◆ **EXERCISE AIM**
Line by line, output everything from the one that contains "A Section of" through the end of the material below, exactly as written and with no pictures.
DATA BELOW Block Start
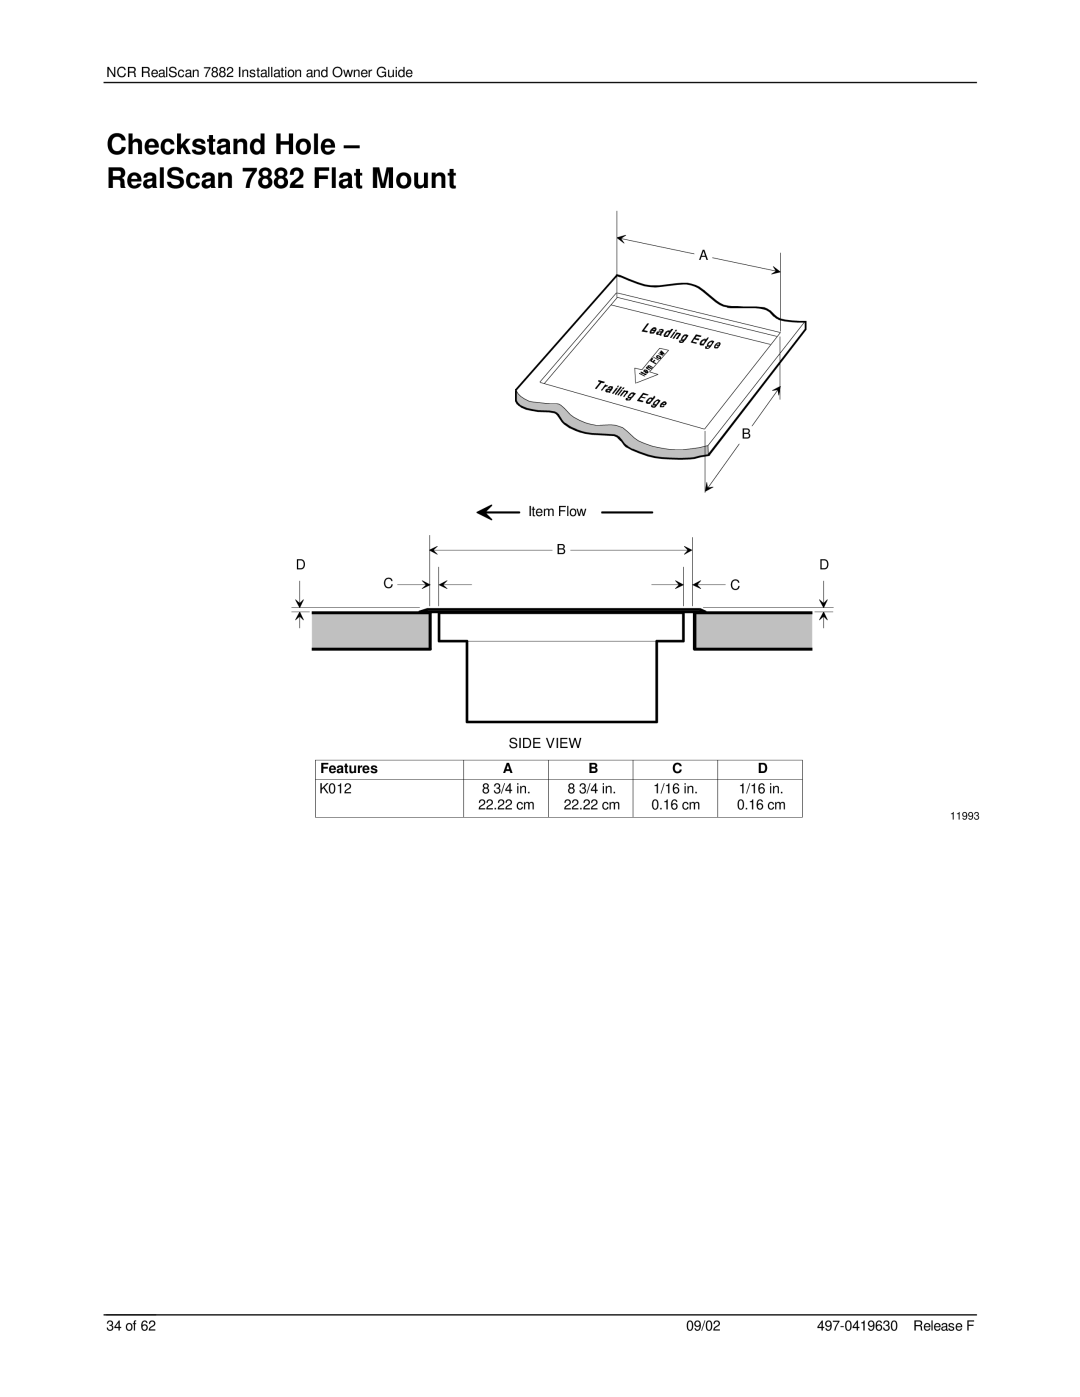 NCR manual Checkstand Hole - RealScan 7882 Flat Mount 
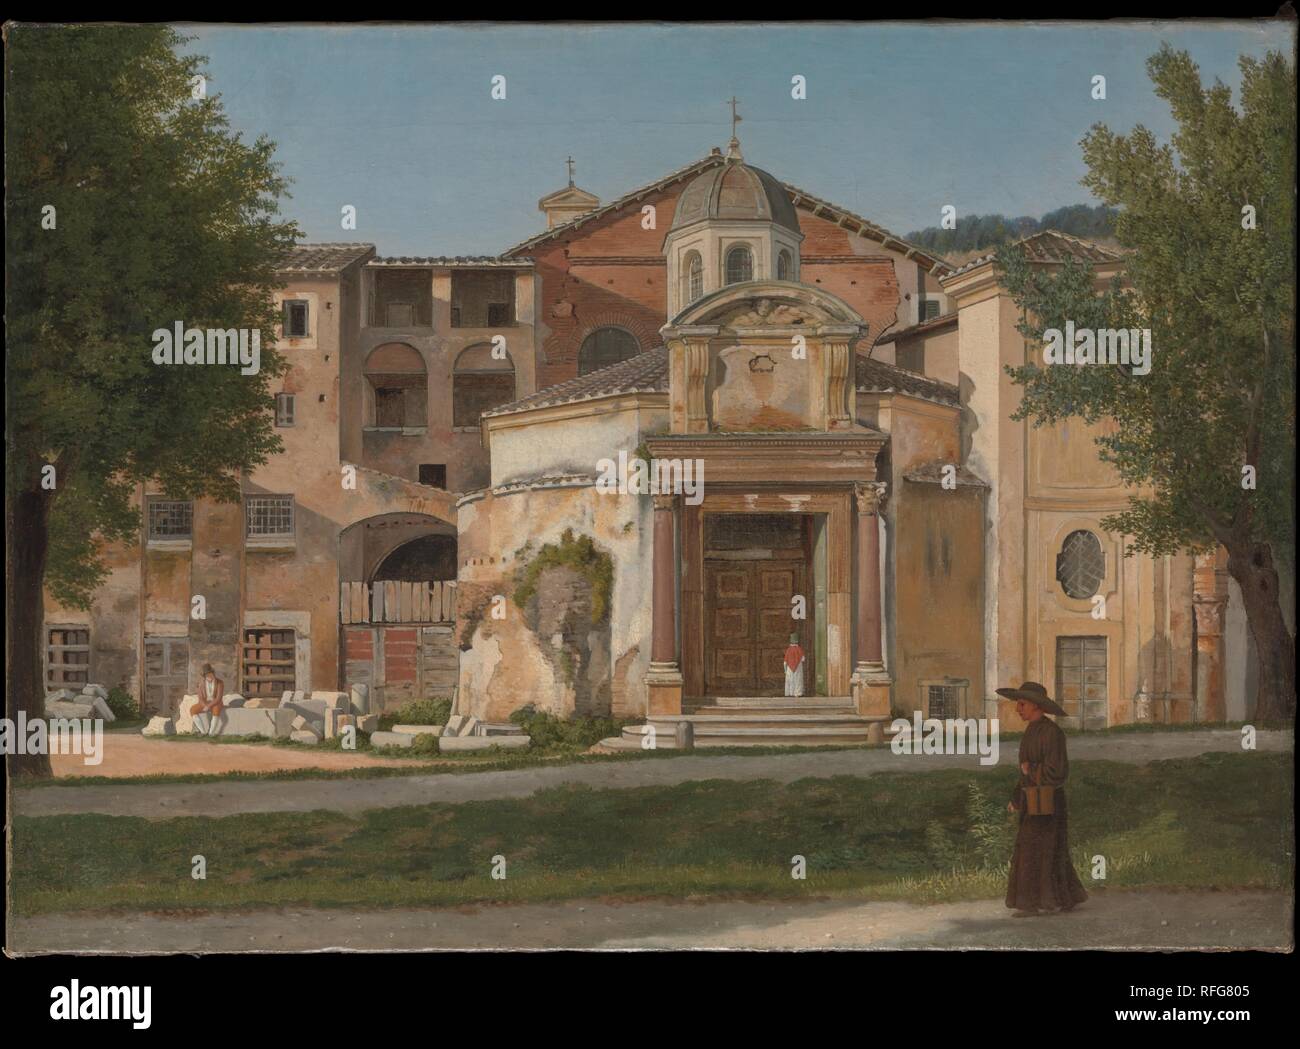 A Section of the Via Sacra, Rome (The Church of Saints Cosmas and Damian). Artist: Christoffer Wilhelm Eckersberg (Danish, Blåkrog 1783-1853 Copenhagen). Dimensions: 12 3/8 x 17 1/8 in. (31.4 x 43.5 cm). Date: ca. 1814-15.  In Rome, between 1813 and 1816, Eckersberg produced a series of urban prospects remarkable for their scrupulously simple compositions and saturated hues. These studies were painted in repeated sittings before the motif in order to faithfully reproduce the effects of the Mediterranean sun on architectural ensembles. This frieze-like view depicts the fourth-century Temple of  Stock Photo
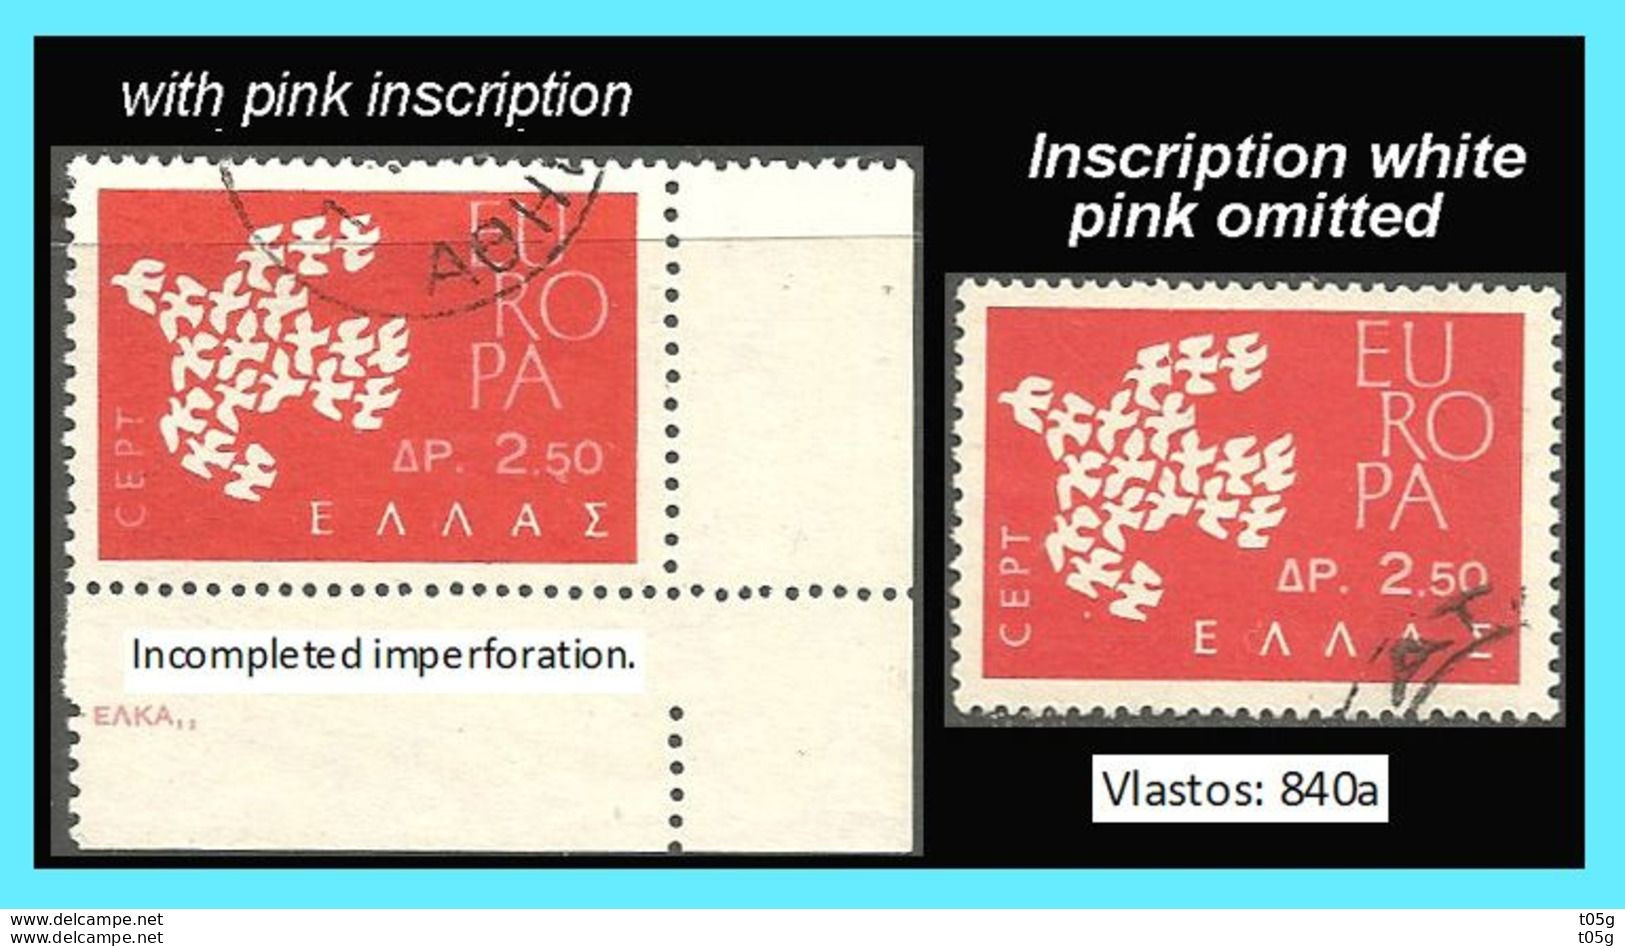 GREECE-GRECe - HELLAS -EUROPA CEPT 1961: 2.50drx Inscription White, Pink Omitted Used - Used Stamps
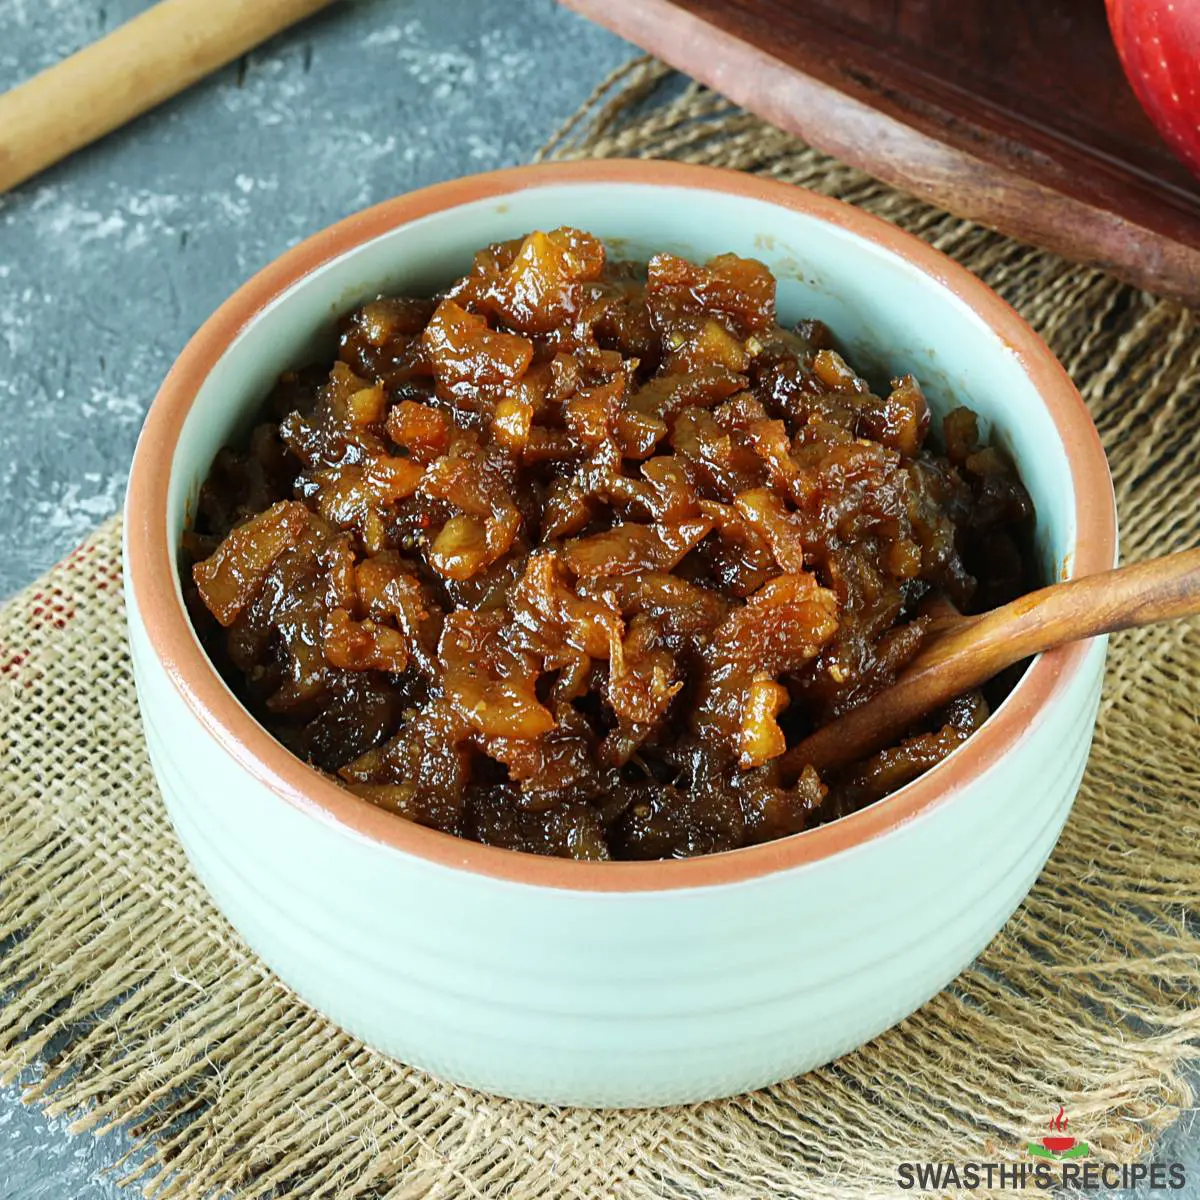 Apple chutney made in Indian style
DATA BELOW Block End
◆ **WRITTEN SOLUTION**
 A Section of the Via Sacra, Rome (The Church of Saints Cosmas and Damian). Artist: Christoffer Wilhelm Eckersberg (Danish, Blåkrog 1783-1853 Copenhagen). Dimensions: 12 3/8 x 17 1/8 in. (31.4 x 43.5 cm). Date: ca. 1814-15.  In Rome, between 1813 and 1816, Eckersberg produced a series of urban prospects remarkable for their scrupulously simple compositions and saturated hues. These studies were painted in repeated sittings before the motif in order to faithfully reproduce the effects of the Mediterranean sun on architectural ensembles. This frieze-like view depicts the fourth-century Temple of  Stock Photo
 GREECE-GRECe - HELLAS -EUROPA CEPT 1961: 2.50drx Inscription White, Pink Omitted Used - Used Stamps
 Apple chutney made in Indian style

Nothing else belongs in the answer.